▶ **What to produce**: Omit all pictures, then retype exactly the lines from the one that contains "Cochlear-användaren Tom och" through the end of the listing.

▶ **Given data**:

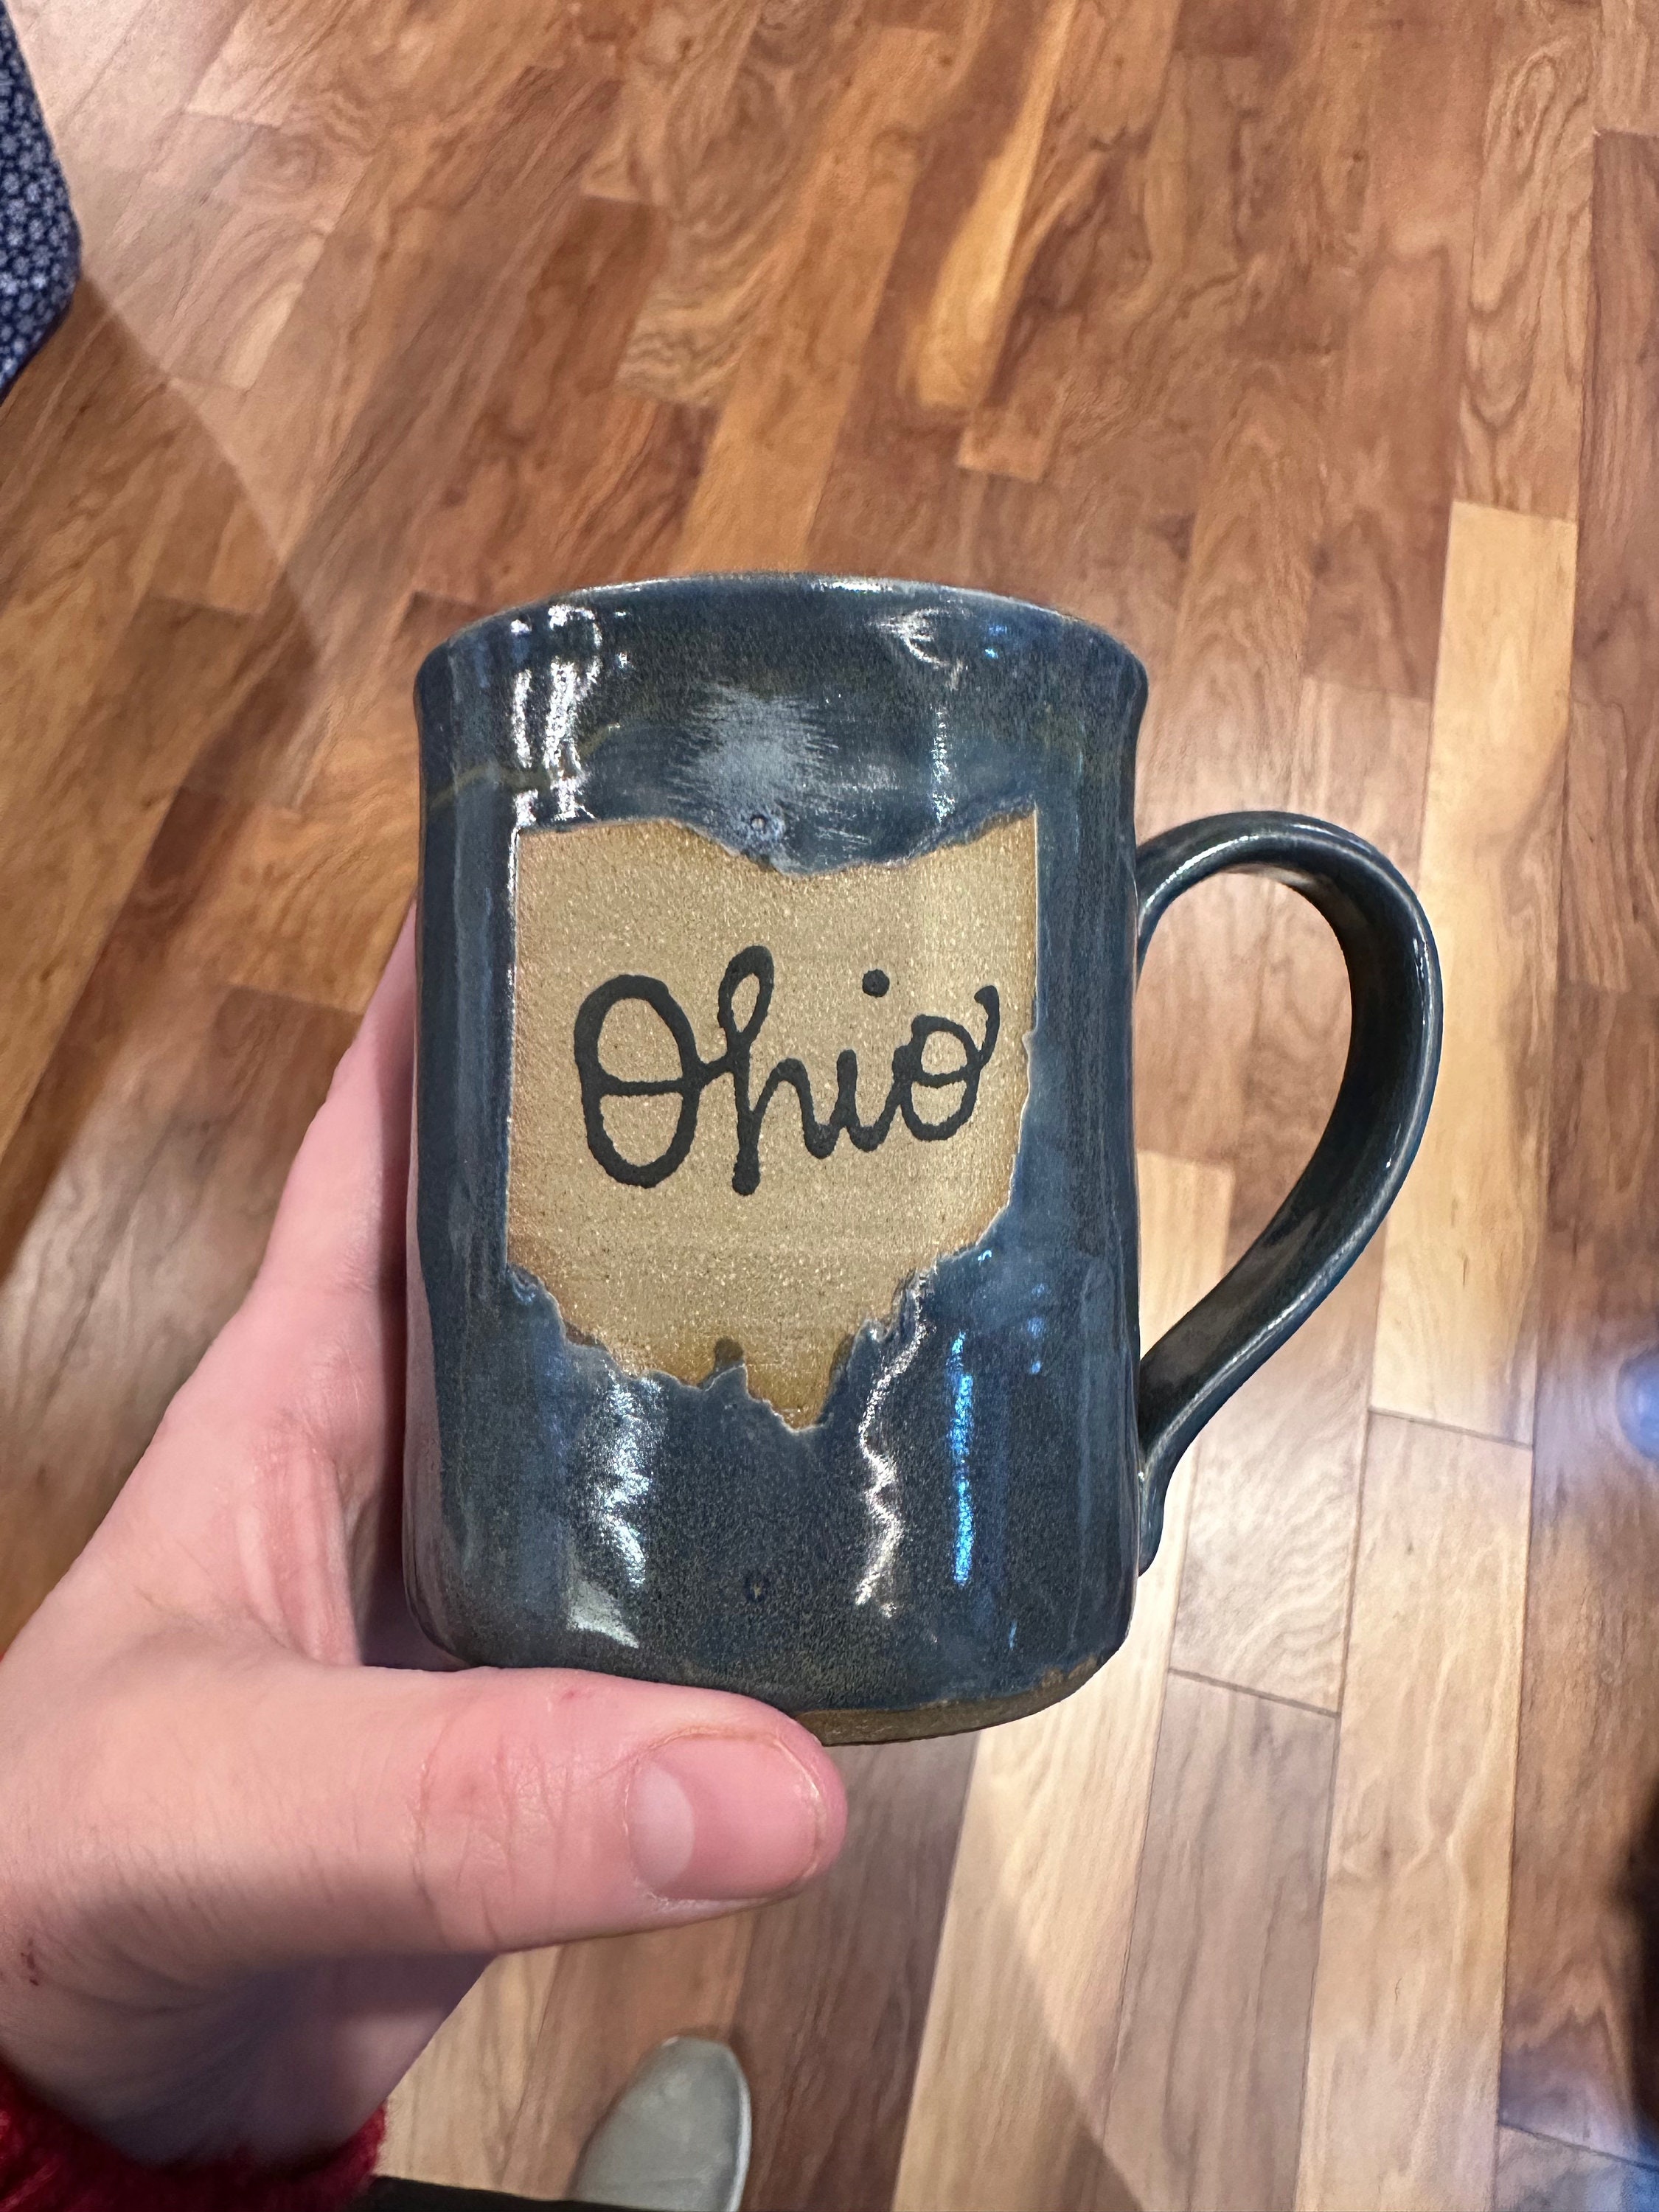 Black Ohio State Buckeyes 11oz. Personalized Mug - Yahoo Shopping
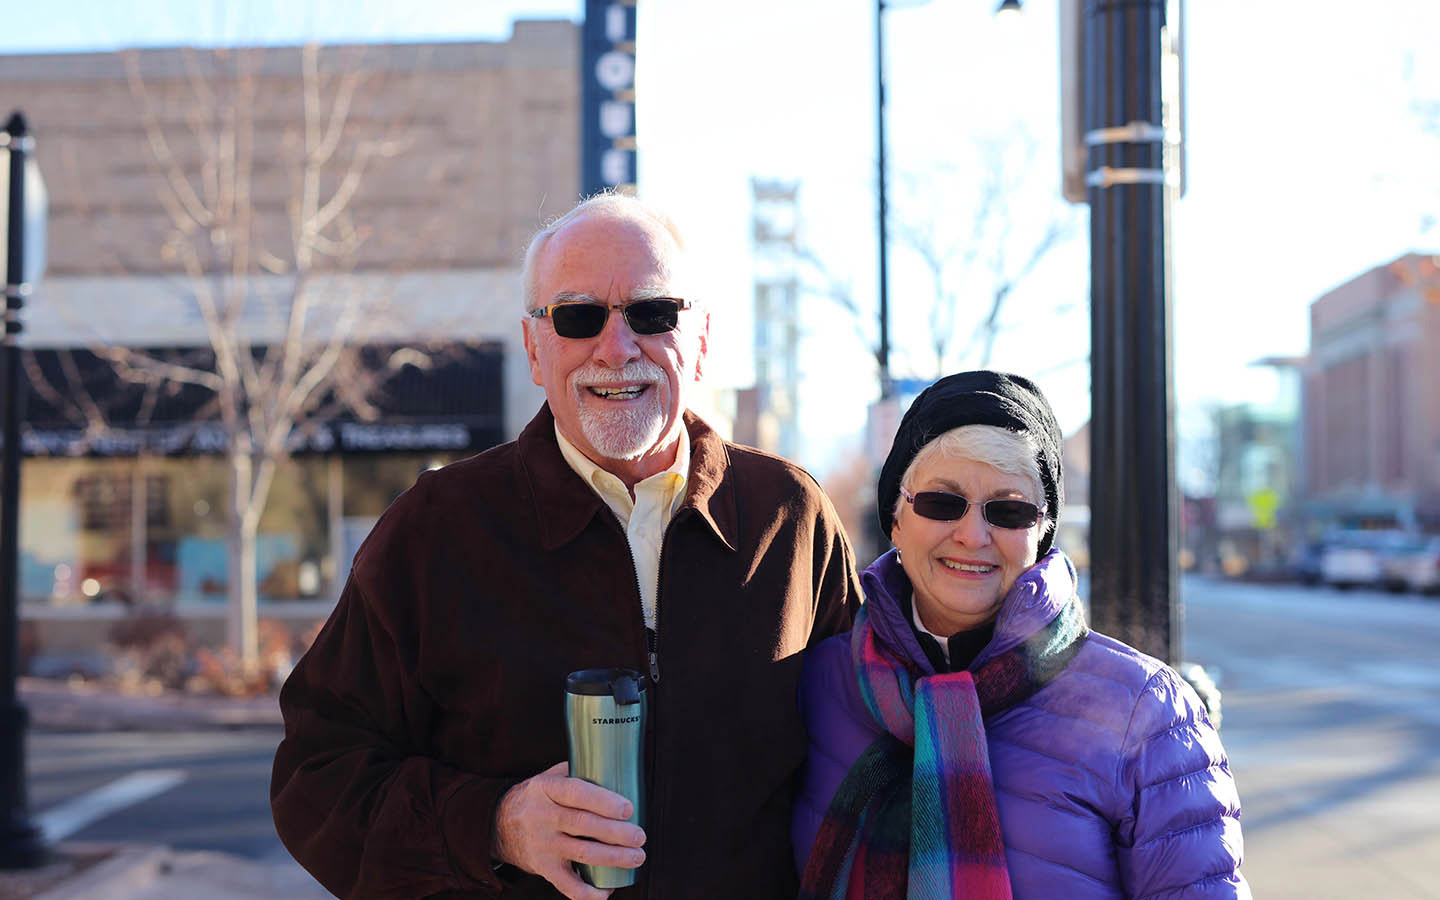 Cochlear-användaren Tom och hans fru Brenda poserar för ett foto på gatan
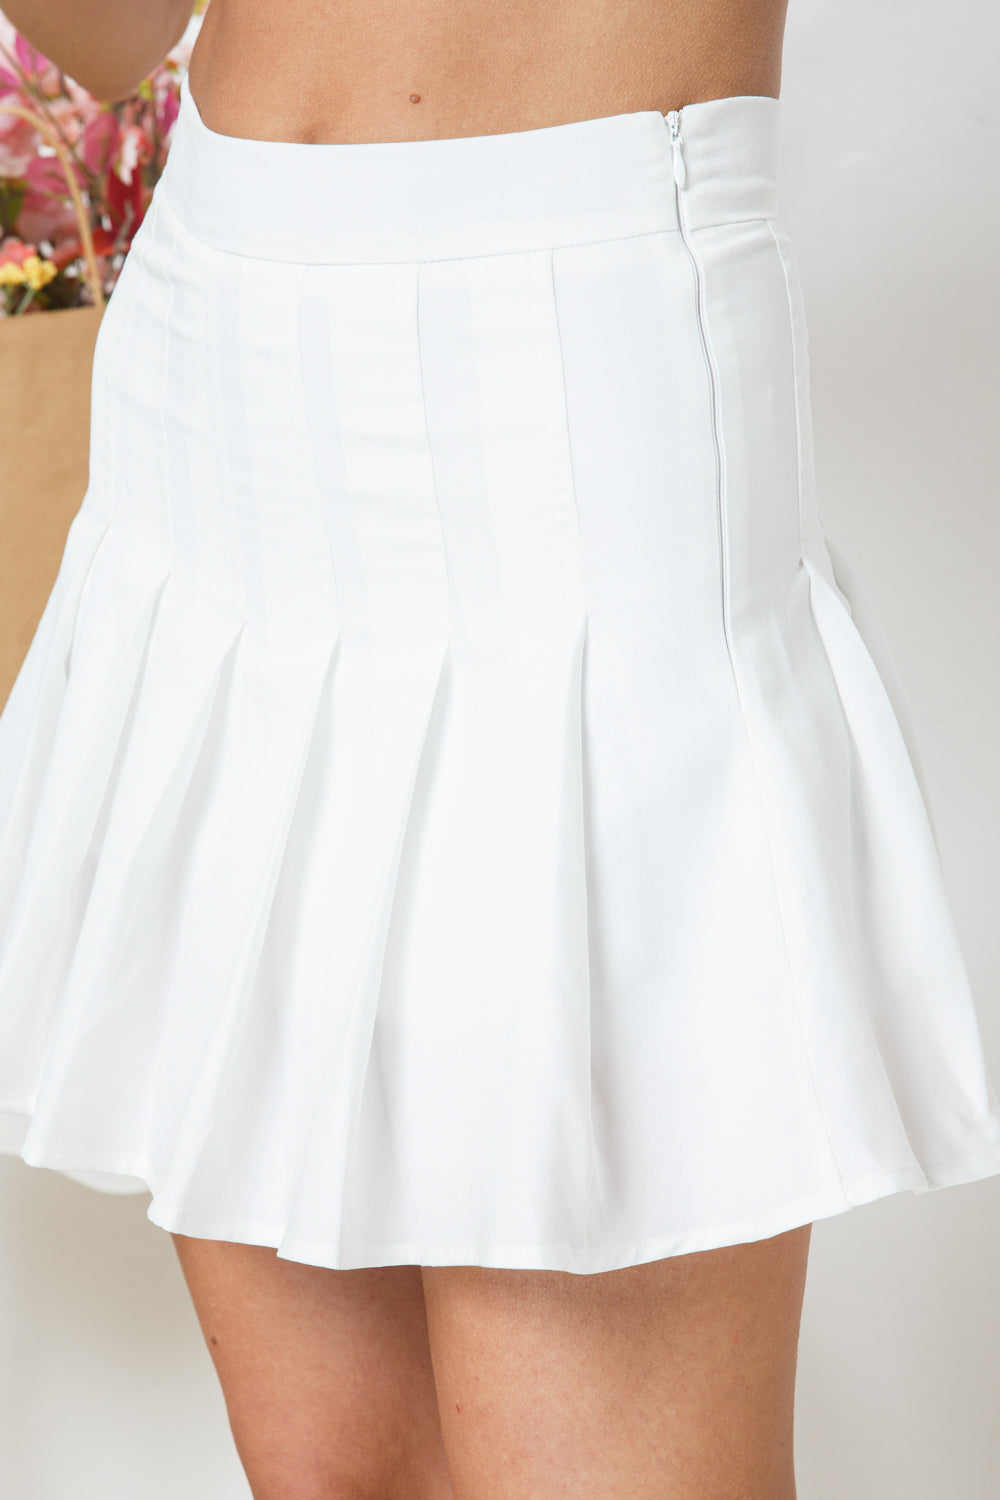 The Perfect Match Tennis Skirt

▶ **Solution to this task**:
 Cochlear-användaren Tom och hans fru Brenda poserar för ett foto på gatan
 The Perfect Match Tennis Skirt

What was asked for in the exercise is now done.